Pakistan: Wütender Mob greift Christen während des Gebets an

Männer, Frauen und Kinder wurden verletzt, als mehrere Bewaffnete am Freitag in ihr Gotteshaus in Punjab, im Nordosten Pakistans, eingedrungen sind. Vertreter der christlichen Partei Massiha Millat beklagen, dass die Polizei nicht gegen die Angreifer vorgeht und Christen nicht pflichtgemäß beschützt.

Am Freitag kam es im Nordosten Pakistans zu einer Attacke gegen christliche Gläubige, berichtet das Nachrichtenportal ucanews. Mehr als zwei Duzend mit Stöcken bewaffnete Männer haben sich gewaltsam Zutritt zur Kirche verschafft und die Betenden angegriffen. Dabei schlugen sie gleichermaßen auf Männer, Frauen und Kinder ein. Bislang ist die Polizei nicht gegen die Angreifer vorgegangen.
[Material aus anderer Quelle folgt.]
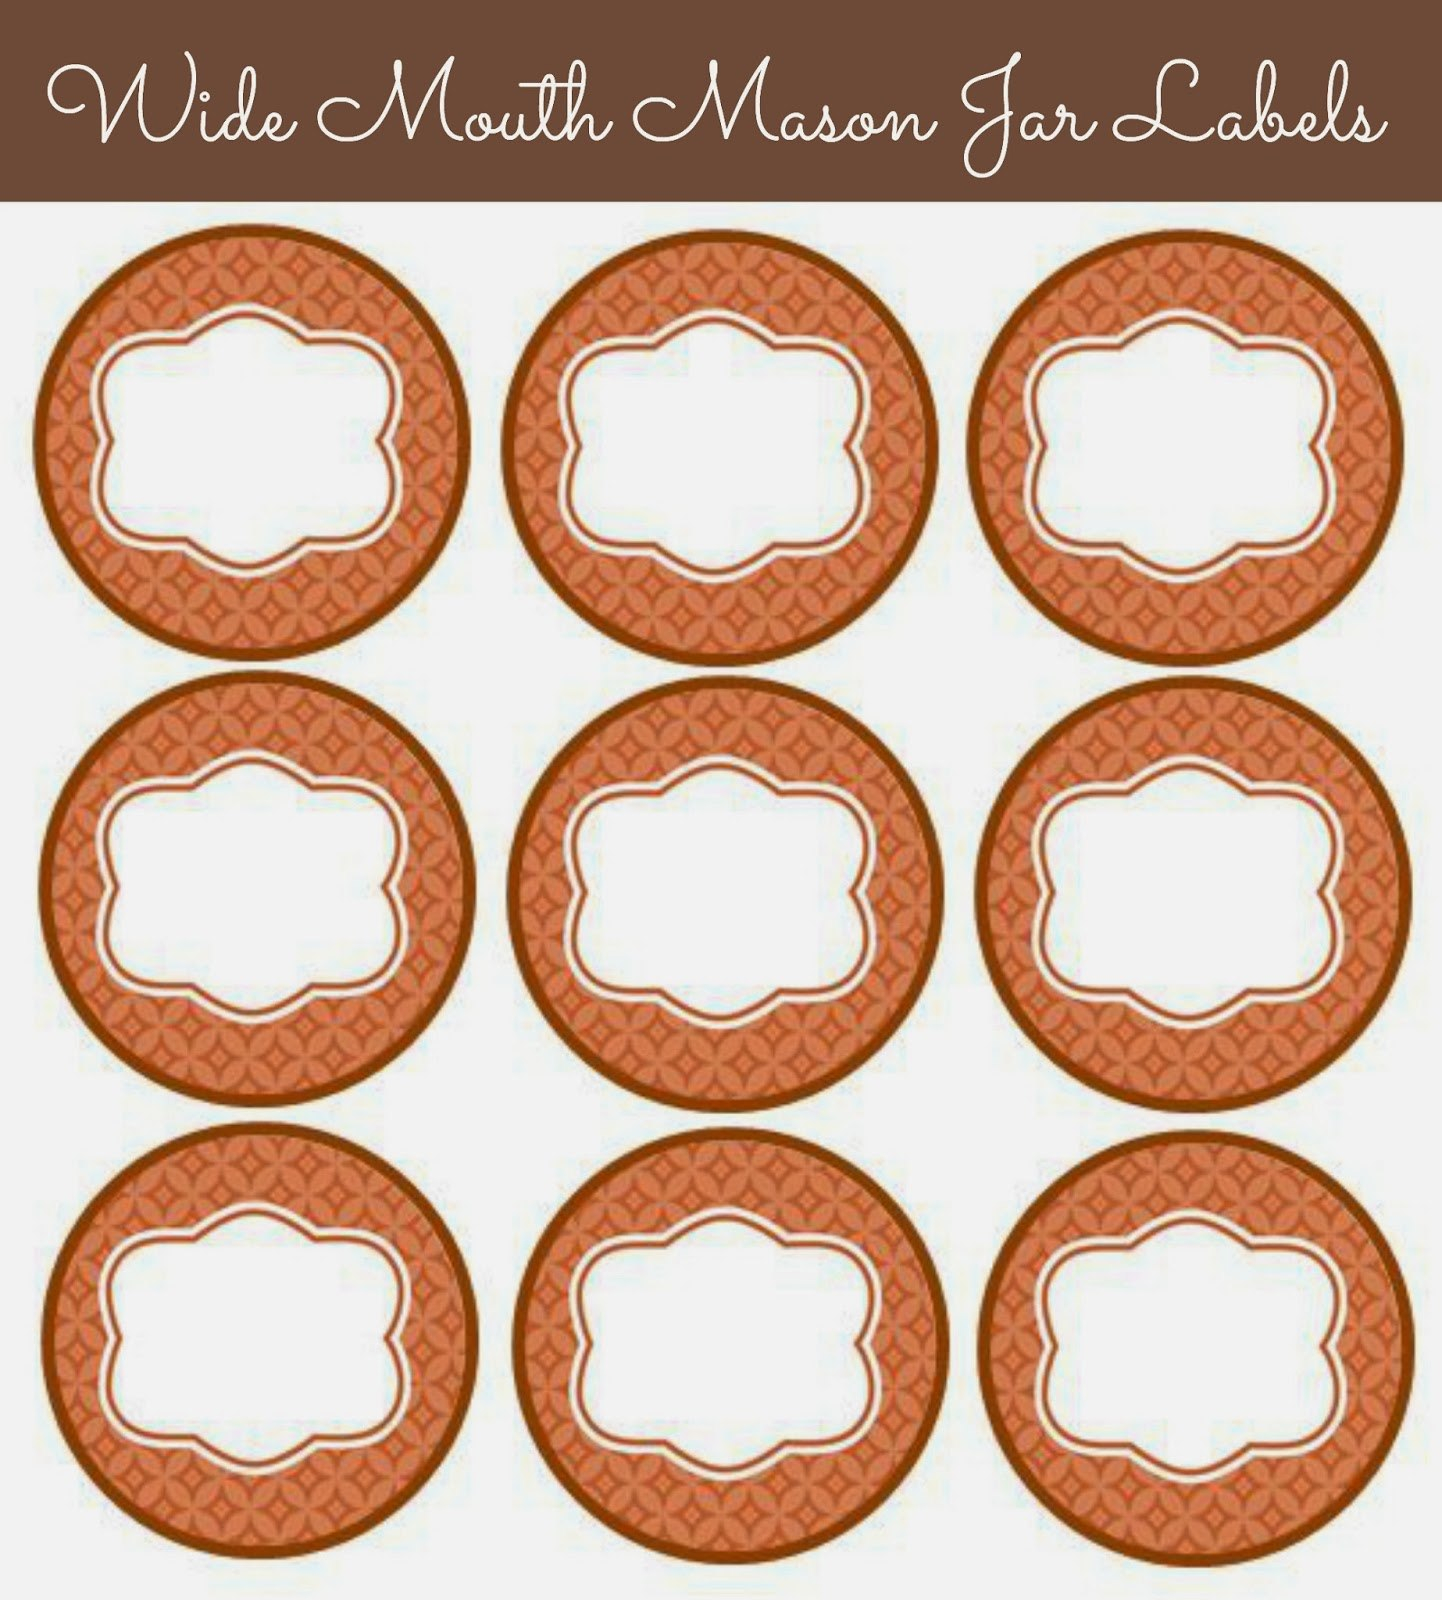 Cute Mason Jar Labels  Kittybabylove Regarding Canning Jar Labels Template

Der Attacke ging eine Aktion voraus, bei der pro-islamische Slogans auf das Haus eines Christen gesprüht wurden. Auch griff eine Gruppe islamistischer Hardliner die christliche Gemeinde in der zweitgrößten Stadt der Provinz, Faisalabad, an. Daraus resultierten tagelange Auseinandersetzungen mit Waffengewalt. Die Polizei hat mittlerweile fünf der an den Auseinandersetzungen beteiligten Christen festgenommen. Von den muslimischen Angreifern wurde bislang niemand inhaftiert.

Vertreter der christlichen Partei Massiha Millat verurteilten den Anstieg der Gewalt gegen religiöse Minderheiten. Die Regierung in Punjab habe in ihrer Pflicht versagt, Christen in Punjab zu beschützen.

Christen bilden in Pakistan eine Minderheit. Über 96 Prozent der Einwohner sind Muslime, andere Religionen sind kaum oder gar nicht erfasst. In dem Dorf, in dem der Angriff stattfand, leben gut 200 christliche Familien.